Roma, 14 mar – Il premierato può farcela davvero. Il che suggerisce come Matteo Renzi avesse capito, nel 2016, che l’unica strada per farcela fosse una sola: andare al ribasso. Costante, inequivocabile, irreversibile. All’allora leader del Pd non andò bene, ostacolato da minoranze interne dello stesso partito, oggi le cose potrebbero andare diversamente. Anche perché il premierato è la riforma più piccina che si sia mai vista. Perchè le riforme consistenti questo Paese le ha bocciate tutte, intortato da conservatori vestiti in maniera diversa, ma pur sempre conservatori. E ha bocciato anche quelle a metà strada (ma che non implicano l’impossibilità di essere un punto di partenza per ulteriori cambiamenti, cosa che nessuno comprese sempre nel “caso Renzi”). L’unica soluzione sono quelle piccine. E va pure di lusso se ci si riesce. I grillini sono talmente privi di coscienza politica che hanno proposto una riforma piccina per le ragioni più stupide: ma è passata anche per la sua entità. La Meloni ci prova forse con qualche ragionamento in più, che però certifica la tendenza.

Premierato, i sondaggi dicono che può farcela

Secondo i sondaggi riportati dal Giornale, gli italiani promuovono il premierato. Occhio, è “solo” il 55%. Considerata l’impossibilità di revisionare una carta che sembra più onnipotente di nostro Signore quando comunicò i Dieci comandamenti a Mosè, anche una semplicissima legge elettorale con qualche bonus culturale sulla stabilità (perché di questo si tratta, in pratica, anche se ci abbiamo creduto pure noi) potrebbe renderlo un vantaggio pericoloso. Interessante che gli elettori del Pd siano per il 45% favorevoli alla riforma, ma conta poco in termini pratici. Si vedrà quando ci sarà da fare i conteggi seri…con un dato storico che, nel caso, si confermerebbe.

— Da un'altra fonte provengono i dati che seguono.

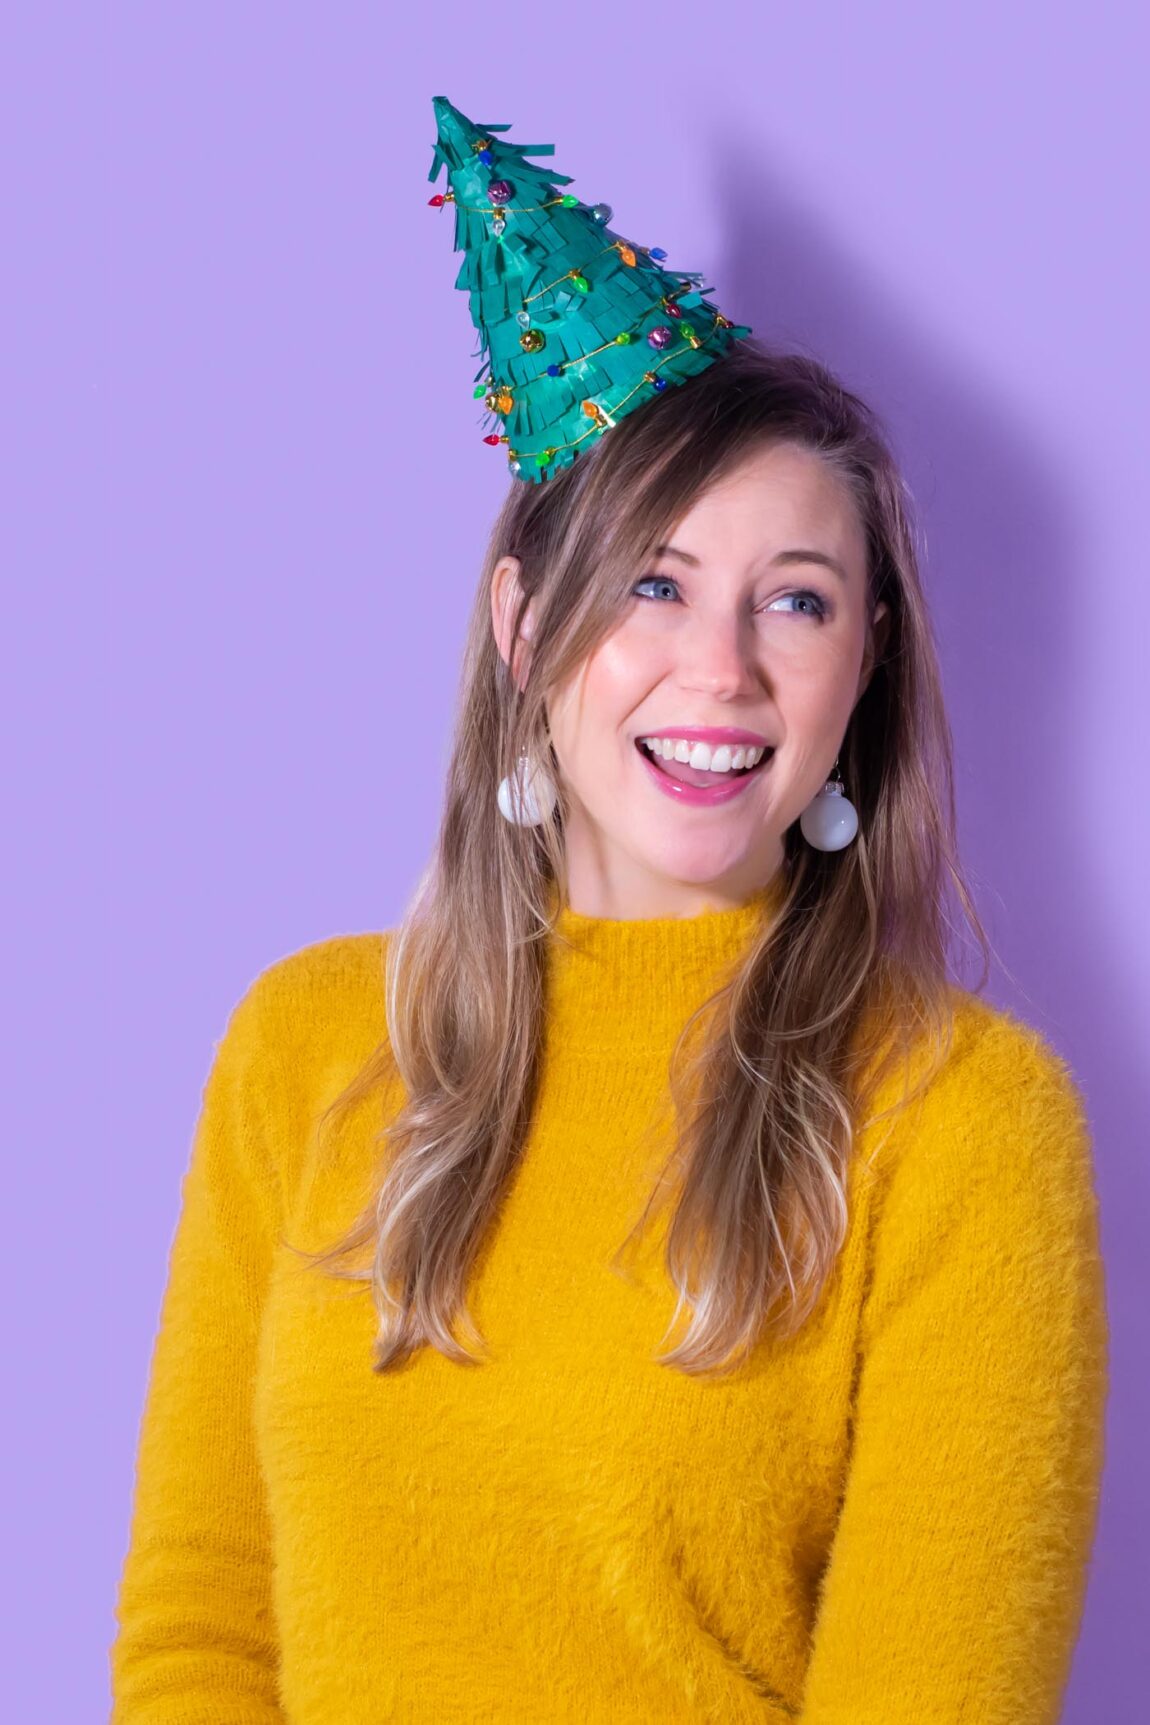 DIY Christmas Tree Party Hats // Turn a plain party hat into a fun holiday craft with tissue paper! Upcycle your hats into fringed Christmas trees decorated with lights and ornaments! #christmas #christmasdiy #christmascrafts #partydiy #partyideas #holidayparty #christmasparty #partyhats

La riforma più piccina delle riforme piccine?

Forse la più piccola no, perché la palma in quel senso non si può non dare alla riduzione dei parlamentari ottenuta con il referendum del 2020. Quella era talmente di modesta entità che neanche i soliti conservatori in grado di imbonire tutti sono riusciti a lamentarsi di qualcosa. Non in modo consistente, quanto meno. In ogni caso, la riduzione era prevista in tutte le proposte di riforma dagli anni Ottanta ad oggi, quindi probabilmente è un “pezzettino” che si è risparmiato il proponente successivo, in questo caso la Meloni. Certo è che se si parla di presidenzialismo – ovvero, ciò che servirebbe davvero, con l’elezione diretta del capo dello Stato, la fine del bicameralismo perfetto, poteri di nomina e licenziamento dei ministri, mandati praticamente a data certa, così come i voti dell’assemblea, eccetera – apriti cielo. Proposta subito abolita direi, già negli anni Novanta. Ma pure se si parla di “semipresidenzialismo apriti cielo”: la bagarre la innescò Silvio Berlusconi, ma in ogni caso anche quel tentativo finì in un nulla di fatto. Ambiguo l’assalto del 2006. Forse possiamo considerarlo l’unico ad “alzare la posta”, in controtendenza degli ultimi trent’anni, perché è vero che di “presidenzialismo apriti cielo” non si parlava, però è anche vero che il governo in quella versione aveva poteri importanti, indiscutibilmente più rilevanti di quelli parlamentari, sebbene non vi fosse l’elezsione diretta né del premier né del presidente della Repubblica.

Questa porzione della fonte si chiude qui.